[What you are asked to do]: Once the line with "Khai mạc Đại" is found in the data, output it and each following line exactly, up to and including the line with "Picatinny Weaver Schiene", and nothing before or after.

[Supplied data]:
BEGIN
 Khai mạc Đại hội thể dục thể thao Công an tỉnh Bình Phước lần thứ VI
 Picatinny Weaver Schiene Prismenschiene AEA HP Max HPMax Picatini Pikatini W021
END
BEGIN
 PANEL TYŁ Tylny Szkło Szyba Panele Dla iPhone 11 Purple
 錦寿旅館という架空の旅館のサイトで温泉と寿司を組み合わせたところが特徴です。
END
BEGIN
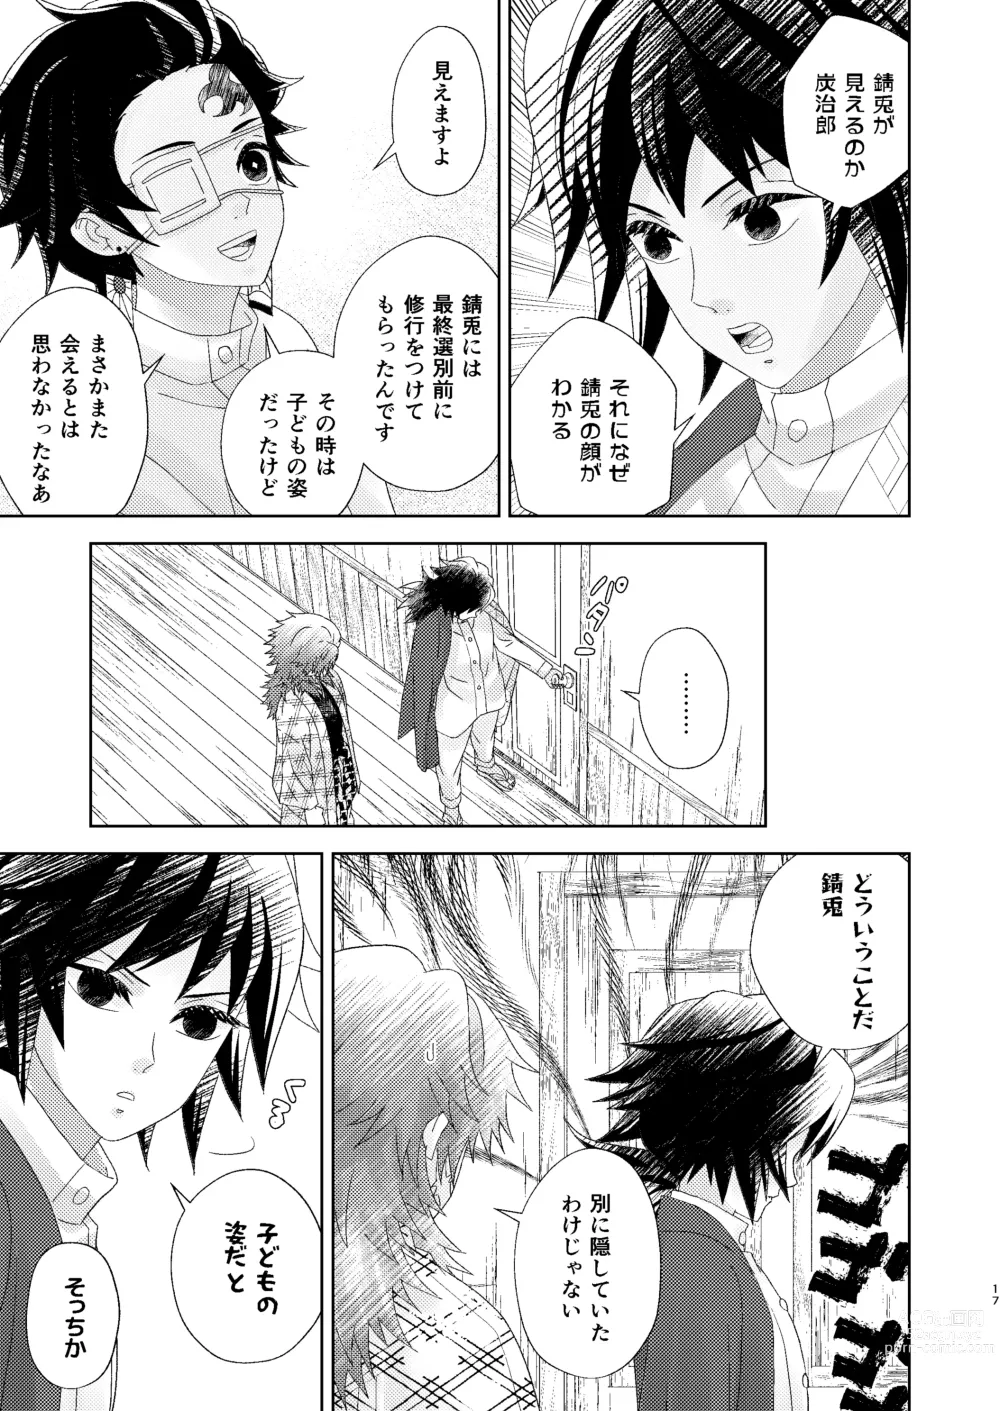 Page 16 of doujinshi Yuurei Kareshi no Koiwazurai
END
[Answer below]:
 Khai mạc Đại hội thể dục thể thao Công an tỉnh Bình Phước lần thứ VI
 Picatinny Weaver Schiene Prismenschiene AEA HP Max HPMax Picatini Pikatini W021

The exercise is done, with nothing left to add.